Ces prochaines semaines, une nouvelle fonctionnalité, très attendue par l’équipe municipale, sera mise en service : « Il arrive parfois qu’une personne fasse une chute et ne soit pas en mesure d’actionner le bouton, indique Nicolas Chiquet. Dans ce cas, la montre détectera seule le problème et donnera l’alerte ».

 

Un objet du quotidien indispensable

Nicolas Chiquet a fait du maintien à domicile des Seniors son cheval de bataille
Nicolas Chiquet a fait du maintien à domicile des Seniors son cheval de bataille

Les 10 volontaires rolivalois ont tous été équipés courant février : une montre (étanche) à recharger chaque semaine sur un socle aimanté, quatre mini-capteurs disséminés dans leur appartement… Rien de plus ! « Je suis allé au domicile de chaque volontaire à qui j’ai expliqué le fonctionnement. Tous étaient très réceptifs et n’ont pas du tout semblé perdus par la technologie ».

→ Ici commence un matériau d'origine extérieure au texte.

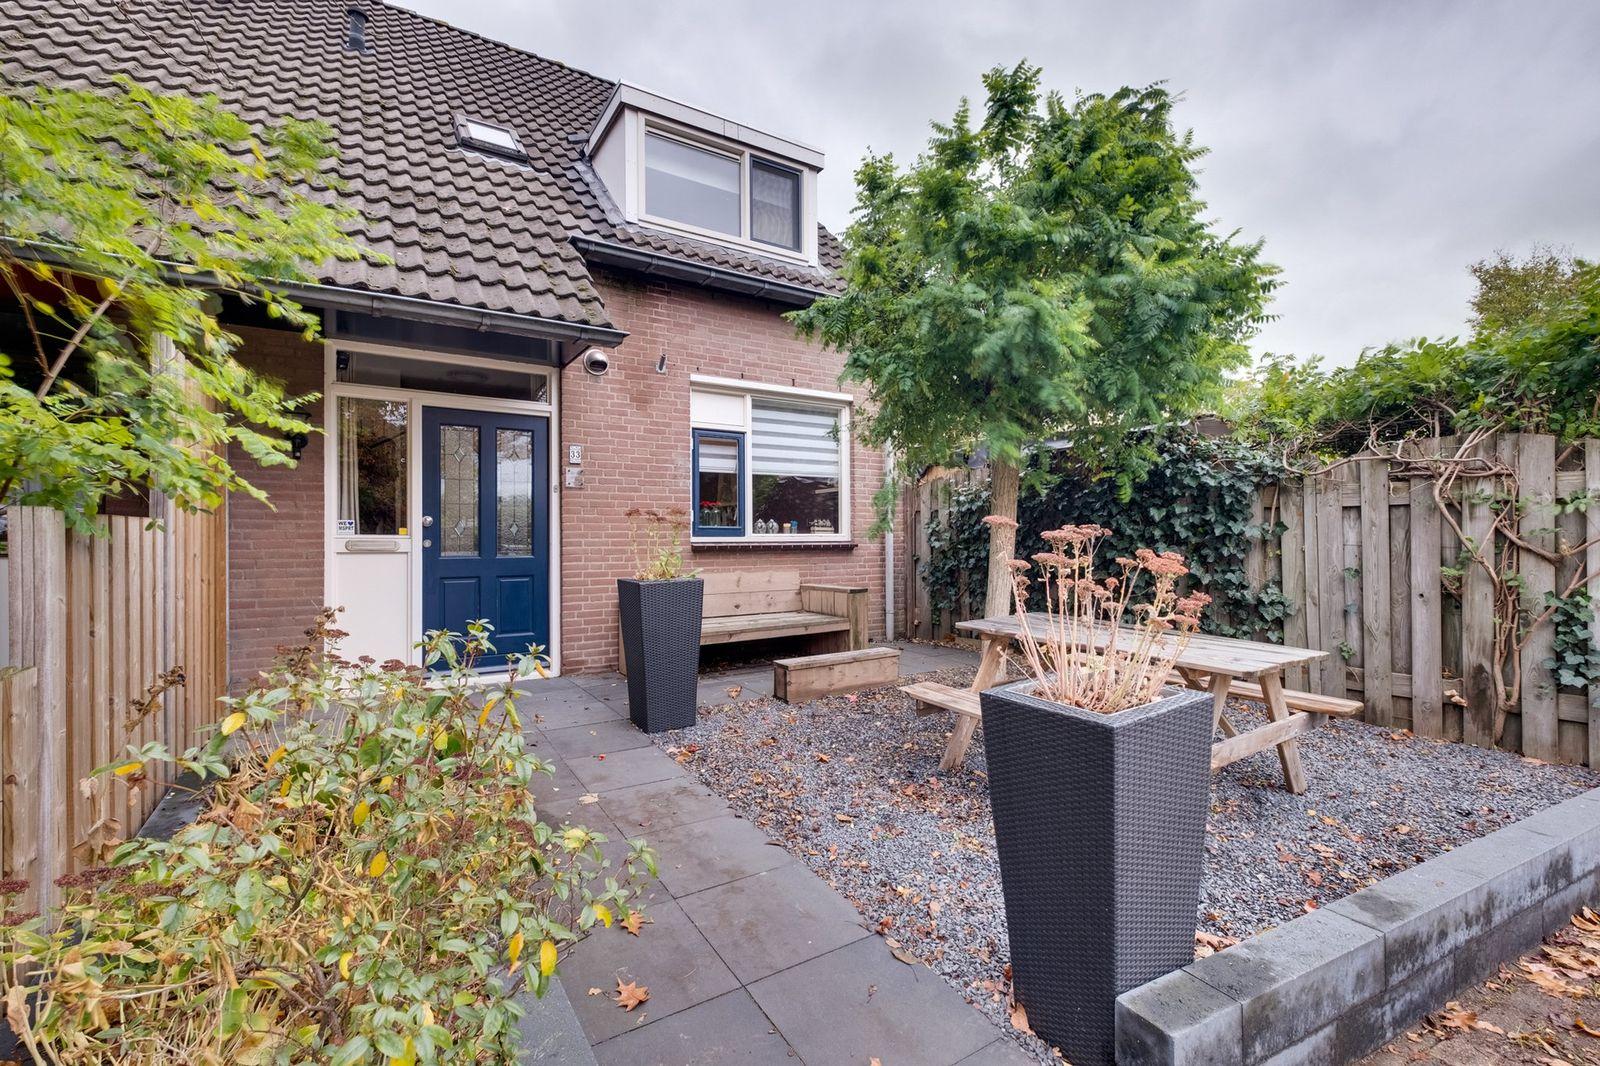 Gooiland 33, 's-hertogenbosch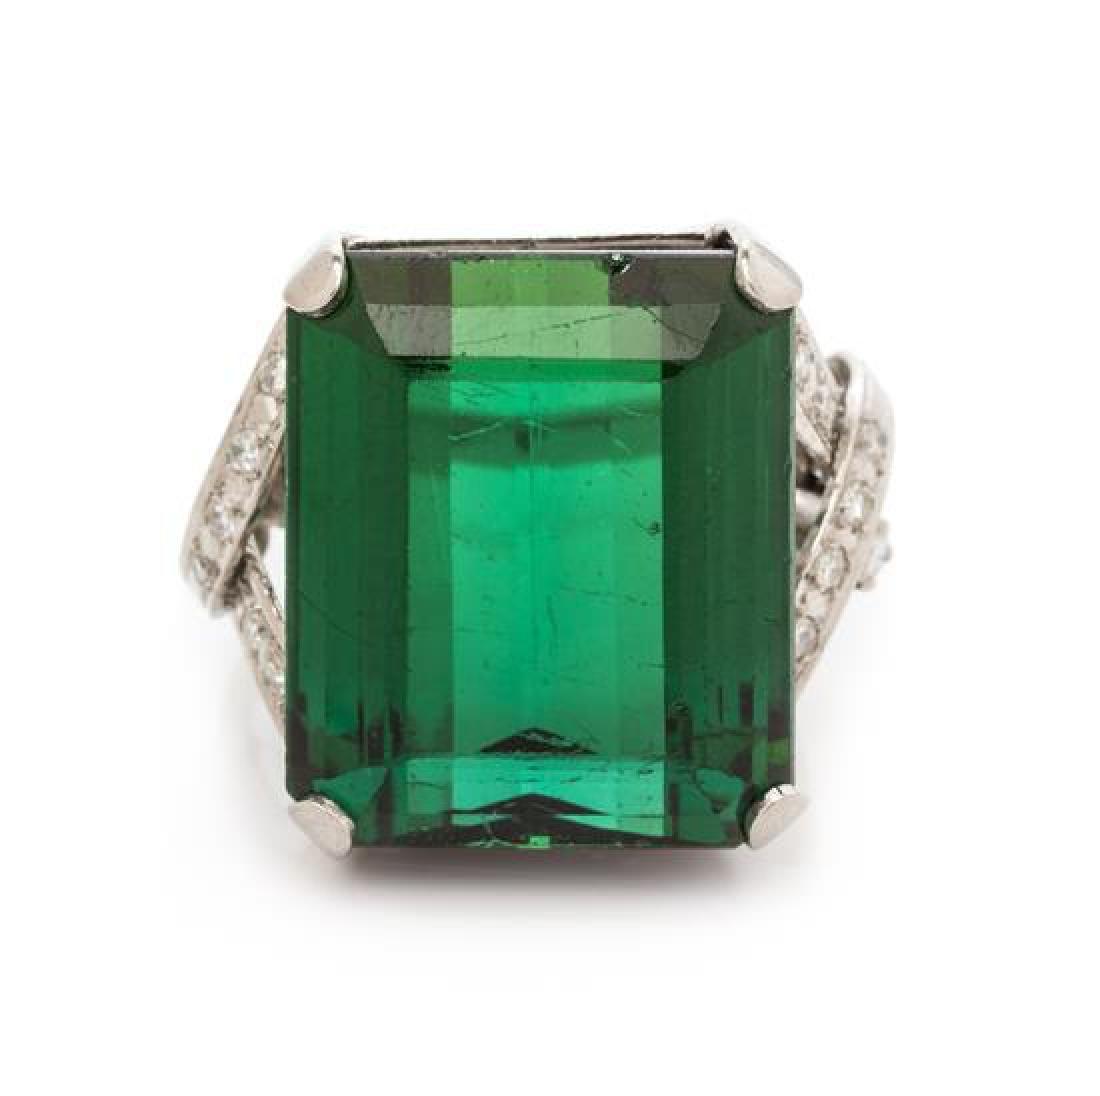 A Platinum, Green Tourmaline and Diamond Ring, 13.25

Bientôt, la montre fera également la part belle à la prévention. Si elle calcule déjà aujourd’hui le nombre de pas quotidiens effectués par son utilisateur, elle proposera prochainement un système de conseils personnalisés en matière de santé : « comme penser à marcher davantage, par exemple », précise Nicolas Chiquet dont la startup développe actuellement une application internet que tous les détenteurs de la montre connectée pourront utiliser. Pour cela, les seniors volontaires ont également reçu une tablette numérique qu’ils pourront bientôt utiliser.

Au final, ce dispositif, s’il s’avérait probant, pourrait être élargi à l’ensemble des résidents de l’Espages : comme outil de prévention pour les plus jeunes ou les plus valides ; comme outil d’alerte pour les autres. A chacun son utilisation…

Ce qu’ils en pensent

 

 Denise, 84 ans

Installée à l’Espages depuis plusieurs années, Denise s’est d’emblée portée volontaire pour l’expérimentation. A 84 ans, la vieille dame le reconnaît volontiers : « j’étais vraiment impatience que cette montre arrive ; je l’attendais depuis plusieurs mois ».

D’autant plus depuis cette chute dans son appartement, courant février. « Je suis tombée près de ma porte d’entrée, loin de mon téléphone. J’ai dû me débrouiller toute seule pour me relever car je n’ai pu prévenir personne. Ca a été très difficile ».

Aujourd’hui, Denise se sent donc rassurée : « Au moins, maintenant, s’il m’arrive la même chose, je n’aurais qu’à appuyer sur le petit bouton de ma montre pour prévenir les gens de l’Espages et on pourra venir m’aider ».  

André, 74 ans

« Quand on m’a proposé cette montre, je pensais que je n’en avais pas vraiment besoin. C’est ma fille qui a insisté… pour être rassurée ». André, 74 ans, habite l’Espages depuis le décès de son épouse en 2015. Ses enfants ne vivent pas à proximité de Val-de-Reuil et il leur est parfois difficile de savoir leur papa seul dans son appartement.

« C’est vrai que je suis tombé il n’y a pas longtemps. Mais si j’avais eu la montre, je n’aurais pas pu appuyer sur le bouton ». D’où l’immense intérêt de cet objet connecté : dans quelques semaines, elle détectera seule une chute ; nul besoin pour son détenteur d’appuyer sur le bouton pour alerter.

En attendant, sa nouvelle montre amuse beaucoup André : « On peut lire l’heure, voir la date et en plus, elle est assez belle ».